Some of the most basic tenets of economic theory rest on the foundation of supply and demand. Simply put, when demand ramps up for goods or services that are in limited supply, the price goes up. Sometimes, supply constraints can be intentional (limited editions, or more recently, NFTs), and sometimes they are anything but planned. The end result may be the same, though, as consumers bid prices higher.
In one recent example of how the dynamics may work, in retail – and specifically, fashion – we’re about to see something of a retail-related storm: consumers, flush with cash, vying for what’s on the racks (literally). The Wall Street Journal reported that vaccines are priming the pump for Americans to spend, but logistics problems are hampering clothes from getting onto store racks or virtual shelves. In other words, the demand will be there, but the supply, not so much.
Part of that is due to the fact that shipping lanes have been pressured, as was the case even before the widely reported Suez Canal “blockage” that gummed up supply chains.
The fatigue of work from home – and doing, well, everything from home – may make us all feel that our wardrobes could use some sprucing up. The Journal noted that data from ShopperTrak and Citi shows that same-store foot traffic at apparel retailers is now at 2019 levels, as measured in the last week of March.
Those findings dovetail with Mastercard’s own observations. As reported in this space, the latest SpendingPulse survey shows that apparel spending was up 60 percent year on year in March and up 19 percent on a two-year, “stacked” basis. As Mastercard Senior Adviser Steve Sadove told PYMNTS, “Consumer confidence and psychology plays quite a big role. People are feeling better. They’re hopeful. They can get out again.”
But port activity has been constrained by what may actually be available to buy. The Ports of Los Angeles and Long Beach are the ports of entry for more than a third of U.S. container imports, and have been facing surges and bottlenecks through the last several months.
The National Retail Federation has reported that “despite the flood of containers, not all of the merchandise is reaching retailers – or their customers – in a timely manner.” COVID-19 has hit the ranks of longshoremen and truck drivers, which impacts the ability to unload containers or get goods to warehouses. The NRF also estimates that 98 percent of the retailers it surveyed have been impacted by shipping delays, which has lengthened supply chains by several weeks. Those frictions, the Journal noted, have resulted in inventory drawdowns at retailers like Macy’s and Kohl’s.

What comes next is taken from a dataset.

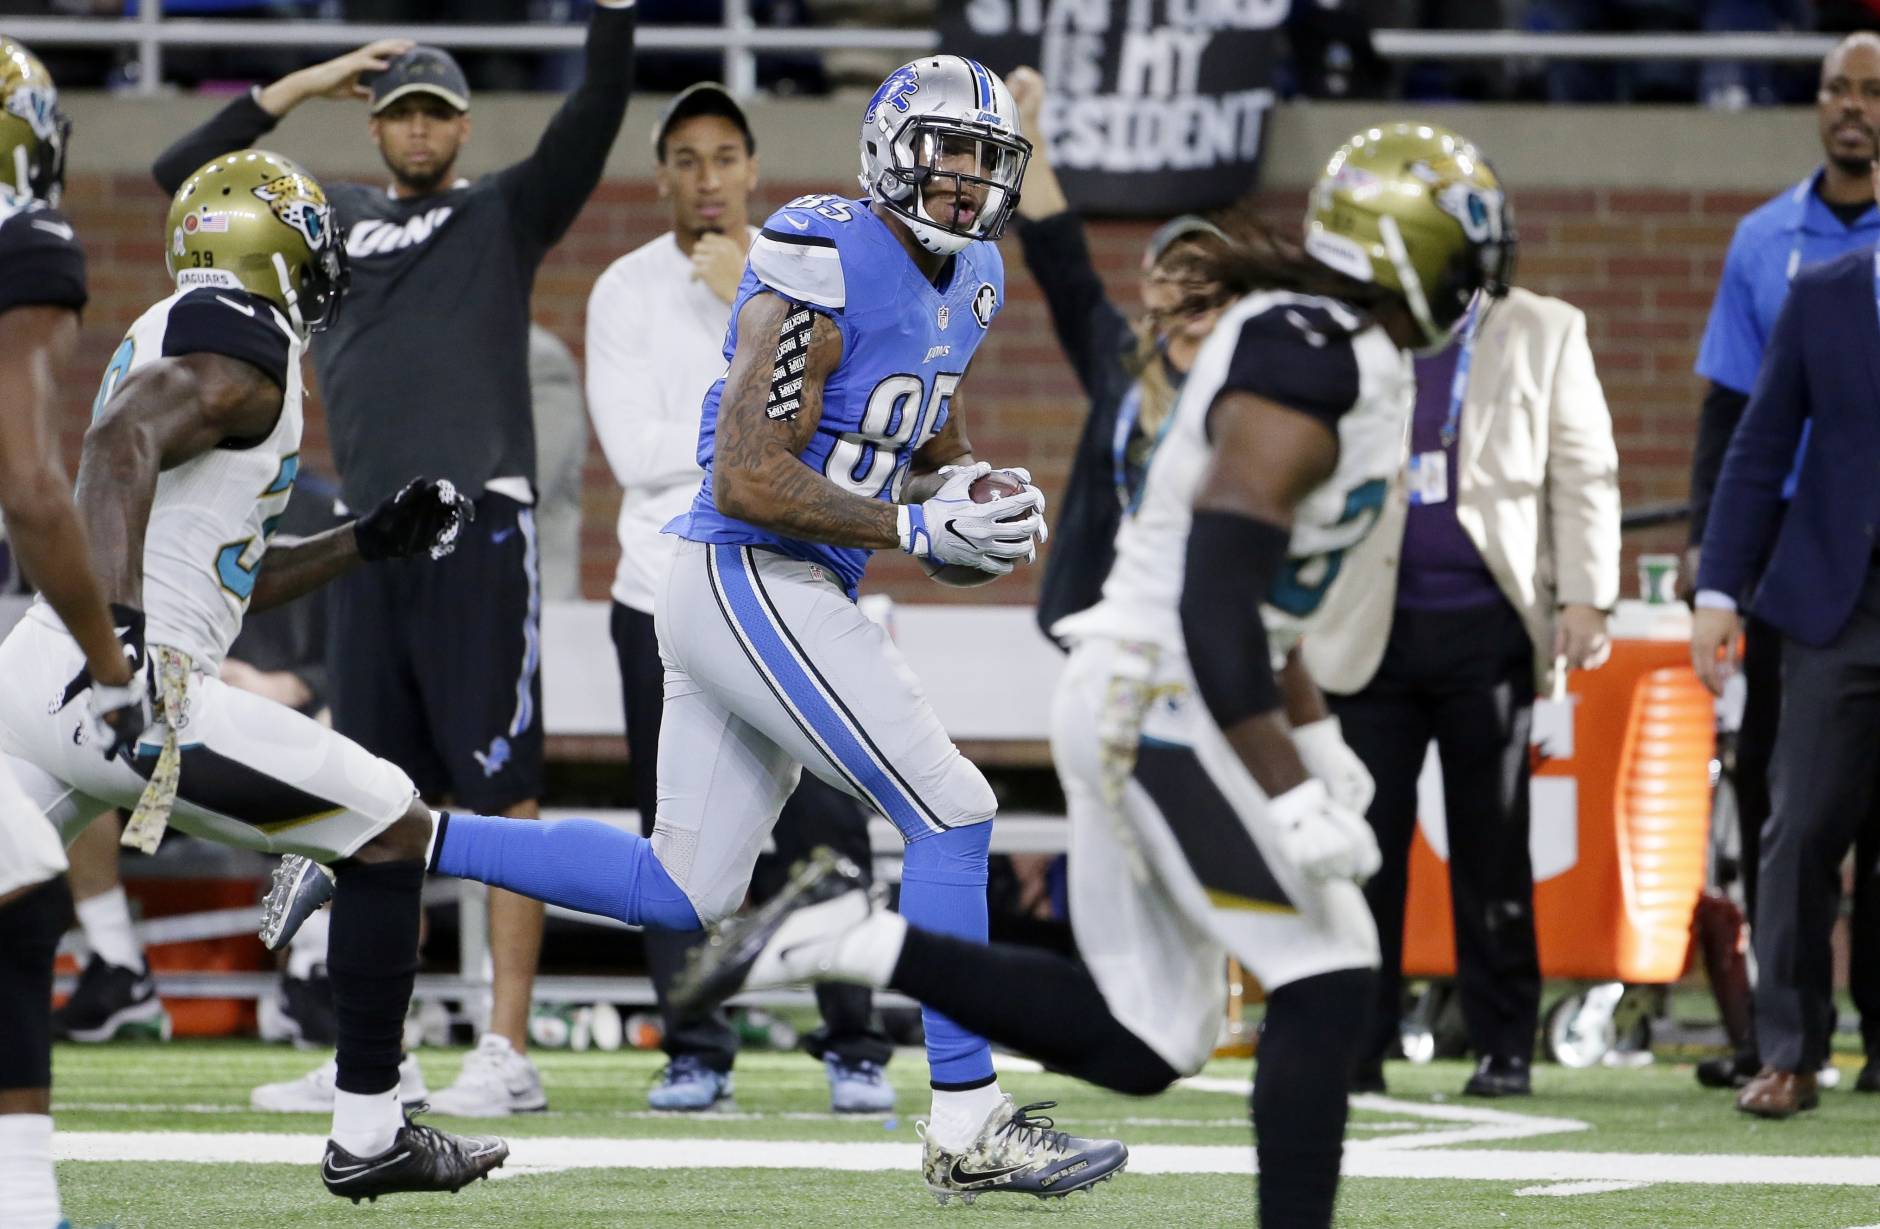 Detroit Lions tight end Eric Ebron runs downfield during the second half of an NFL football game against the Jacksonville Jaguars, Sunday, Nov. 20, 2016 in Detroit. (AP Photo/Duane Burleson)

The end result is that merchandise may not be readily available as economies reopen – which of course means stockouts, and consumers bidding up prices for what is available. In other cases, if what’s left on the (physical and virtual) racks is not what consumers want – in other words, what’s left over from previous seasons – then markdowns might loom.
It’s not just apparel that’s being affected. Anecdotally, as reported last month, Costco is not able to keep imported cheeses in stock because shipping containers are in short supply. In an illustration of how some giants are battling supply chain headwinds, Amazon has taken a minority stake in Air Transport Services Group (ATSG), the air freight partner working with most of its aviation logistics unit. Amazon has also reportedly been adding malls to its last-mile fulfillment strategy, using the extra real estate to transform them into distribution centers and get closer to end consumers.
In a recent interview with PYMNTS, David Shillingford, CEO of Everstream Analytics, noted that that “the pandemic created enormous disruption and dislocation in global supply chains, and there is a lot of debate as to what lessons should be drawn from it. On one side of the argument, it will never happen again. On the other side, it might not happen exactly this way, but something like it will happen again — and things like it are happening every day.”